LIKE RIDING A BIKE…

Luke 8.22–25 ESV 

 
22 One day he got into a boat with his disciples, and he said to them, “Let us go across to the other side of the lake.” So they set out, 

23 and as they sailed he fell asleep. And a windstorm came down on the lake, and they were filling with water and were in danger.

24 And they went and woke him, saying, “Master, Master, we are perishing!” And he awoke and rebuked the wind and the raging waves, and they ceased, and there was a calm.

25 He said to them, “Where is your faith?” And they were afraid, and they marveled, saying to one another, “Who then is this, that he commands even winds and water, and they obey him?”


Growing up, riding a bike was an essential part of being a typical American kid. The desire often began with watching the older kids zoom down the sidewalk, go places you couldn’t normally go, or do things that seemed cool and borderline dangerous. It made you want to ride, until the time came to actually get one one. 

On some level you have to admit that it was a bit scary at first, the idea of balancing on two wheels without any help, hoping not to fall and hurt yourself. 

Now, I’m not a risk taker and I’m bit cautious. As a child I rarely took a chance. So jumping on a two wheeled death trap and pointing myself down hill was the last thing I wanted to do. But it was so cool, watching the other kids on their bikes. And yes, in the end, the desire to fly across the pavement won out and I asked for a bike for Christmas, which is also my birthday, so I knew it was a sure thing. 

On December 25, 1988, my 7th birthday, there was a brand new royal blue Huffy bike next to the tree. I couldn’t wait to try it out…but I did wait, because even though I got exactly what I wanted I was terrified to actually ride it. 

How was this going to work? I’d tried to ride my friends bikes, which usually ended with me going sideways and ending up on the concrete with a skinned knee. My dad was determined to get me up and riding that new bike, so one Saturday afternoon he had me out in the front yard. Its almost funny now but I was so scared. For me there was nothing more frightening than the idea of my dad letting go of the bike.   

I don’t know what technique your bicycle coach used but my dad stood on the left side of the bike, with one hand on the handle bar and the other grasping the back of the seat. He would push the bike for me, letting me get a feel of the bike in motion and a feel for what balancing was like. He then worked on peddling, encouraging me to put more and more weight on the peddles. 

After a while, I was pretty much peddling on my own but my steering was terrible. We’d work on that, him holding the bike up, and just when I had that down we’d have to go back and work on peddling again. God bless him, it took a ridiculous amount of patience to work with a kid who couldn’t stop thinking about falling off. Why couldn’t I trust my dad? Why couldn’t I trust in his presence, in the skills he was instilling in me? 

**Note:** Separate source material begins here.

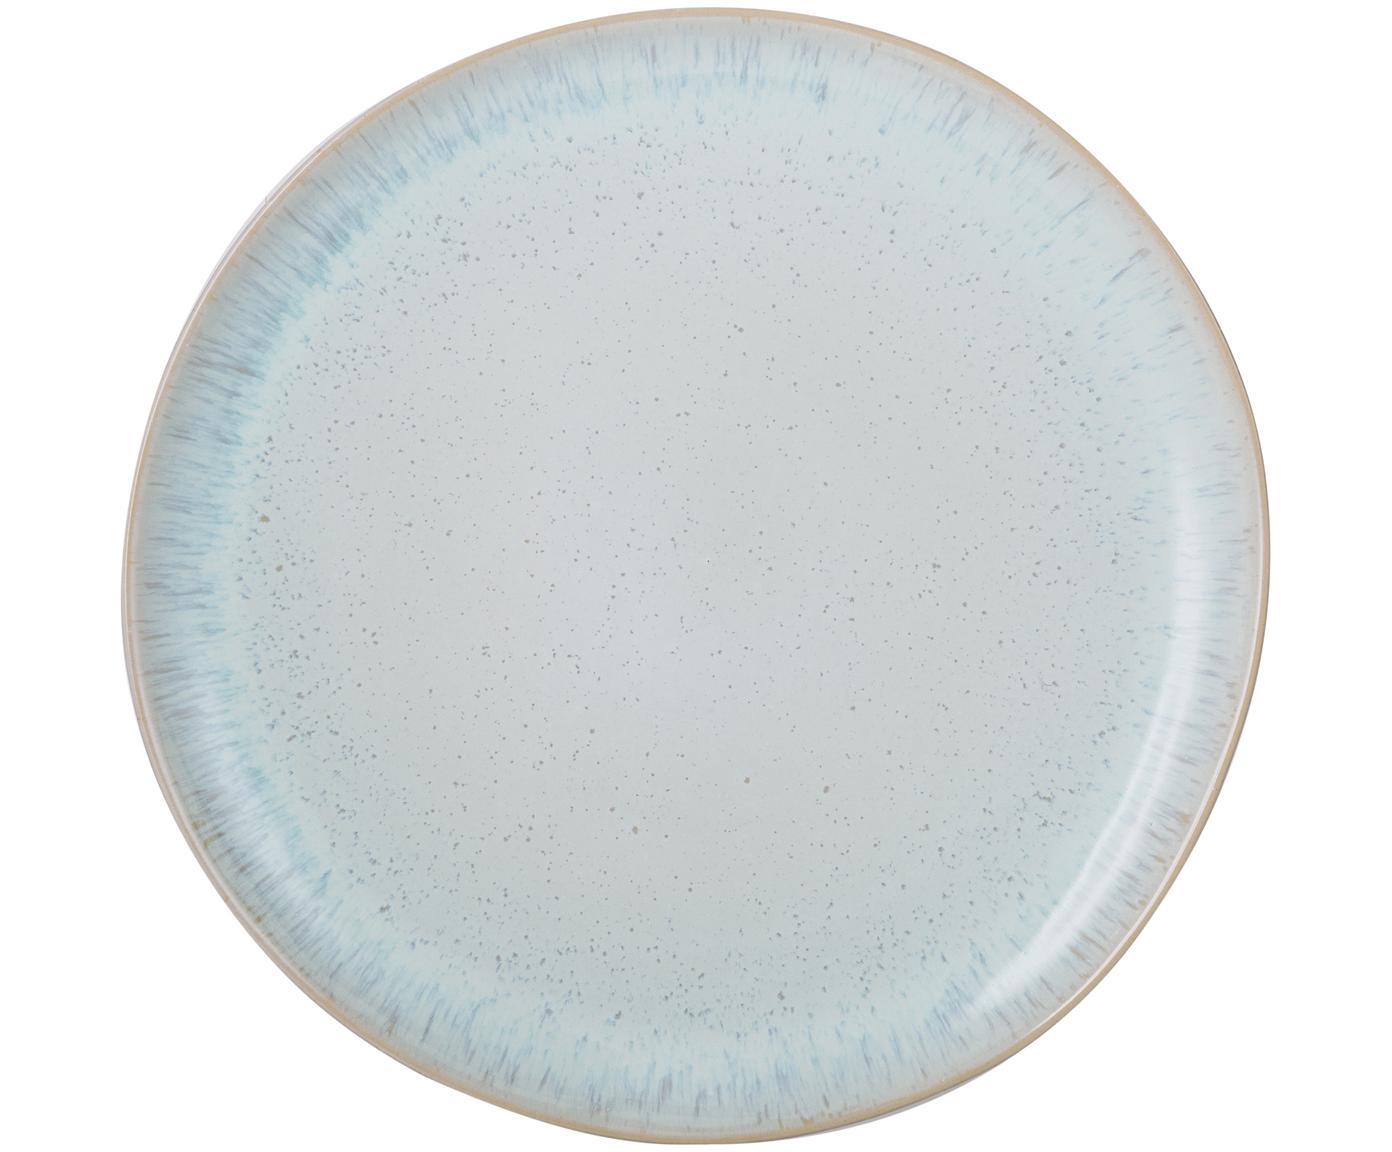 Handbemalter Speiseteller Areia mit reaktiver Glasur, Steingut, Hellblau, Gebrochenes Weiß, Hellbeige, Ø 28 cm
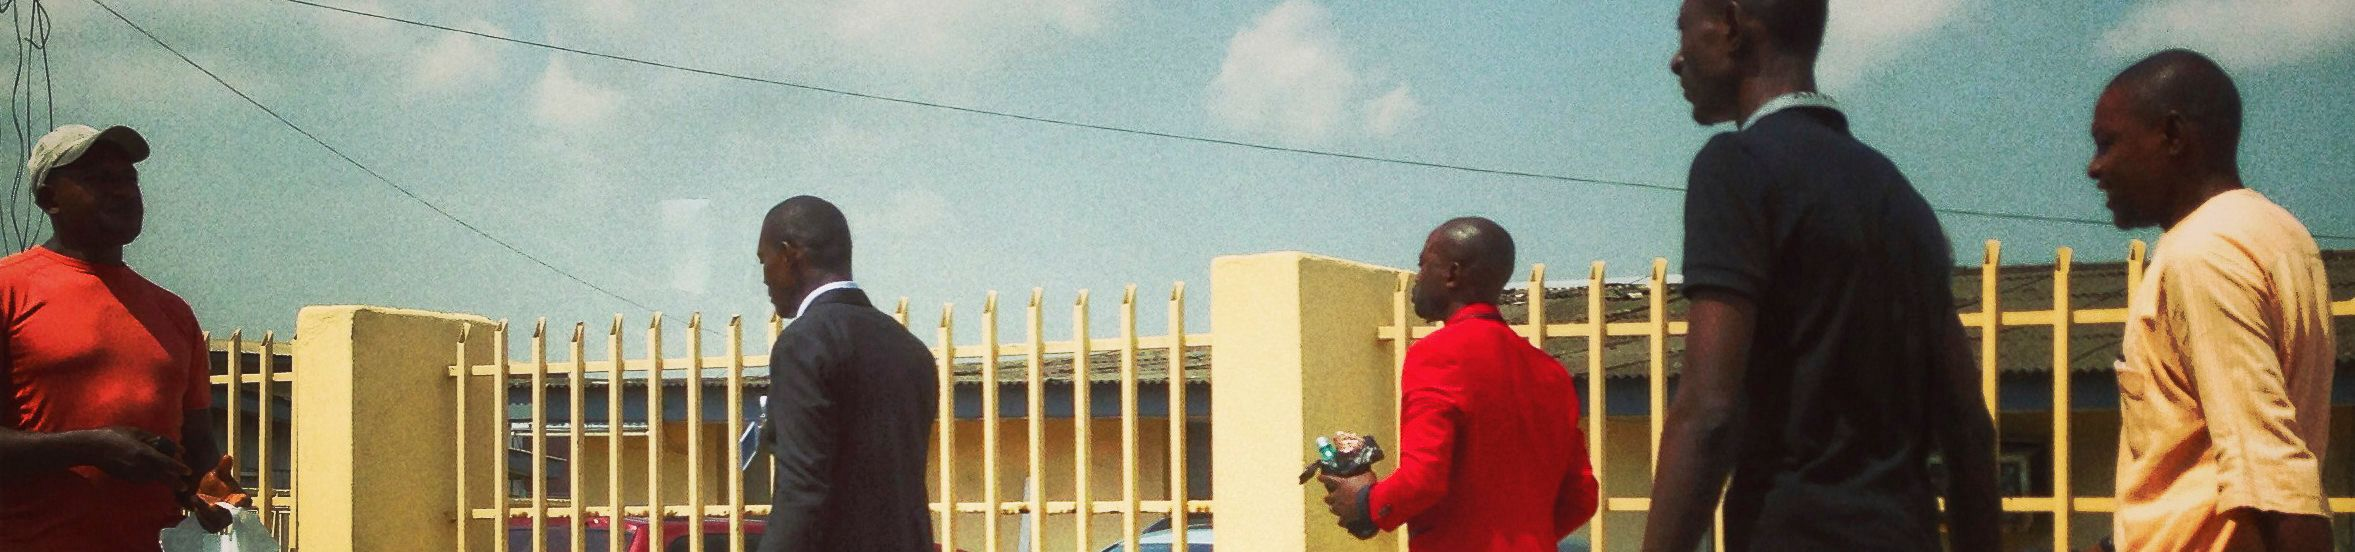 20130501_Nigeria_MGP_Instagram.jpg

The disciples in our text are no different. They had seen Jesus work and there’s no doubt from the testimony of the four Gospels that they desired to do the work Jesus did. Jesus says in the Gospel of John that the disciples would do greater things than He did (John 14.12). But there is a fear that holds them back from doing extraordinary things. 

If they would just trust in His presence, trust in His hand at their back. If they would trust in the power that He instills in them through faith. And that is the issue, is it not? That pesky fear that sits in the place of faith. The question that struck my heart this week was Jesus’ question to them, after calming the storm, when He said, “Where is your faith?” 

That’s it, isn’t it?! We look at what is going on outside of us, around us, beside us, and inside us and Jesus is calling out, “Where is your faith?” To me, it almost sounded like Jesus was telling me to go and get it, like I had forgotten it or left it somewhere; like it was out back in the utility shed. 

But when we develop even the slightest faith, faith as small as a mustard seed even, we can move mountains or even calm storms.   

Since Jesus’ main focus was salvation, the lesson reveals itself as trusting in what Jesus has done FOR us, no matter how bad or crazy things seem. He calls out to us, “Where is your faith?” But hear it like this, “Where is your faith? Go and get it. Put it in your pocket; wear it on your back; carry it with you every where you go. Plant it deep in the soil of your heart and let it yield strength, peace, and assurance.”  

The fearful disciples exclaimed after the storm calmed, “Who is this, that even the wind and the waves obey Him?” But if we take up our faith, if we have it with us we can say before the storm comes, “I serve the One whom the wind and waves obey!” This is the cry of people who have claimed the victory of the cross, the people who exercise faith instead of fear. 

Call upon the Lord today, whether before, during, or after the storm. May you go today knowing that He is Lord over all things—Lord over life and over death; Lord over the calm and over the calamity; Lord over faith and over fear. But claim faith today, the power God has given you over fear, and hear His forever words of “Peace, be still.” Amen.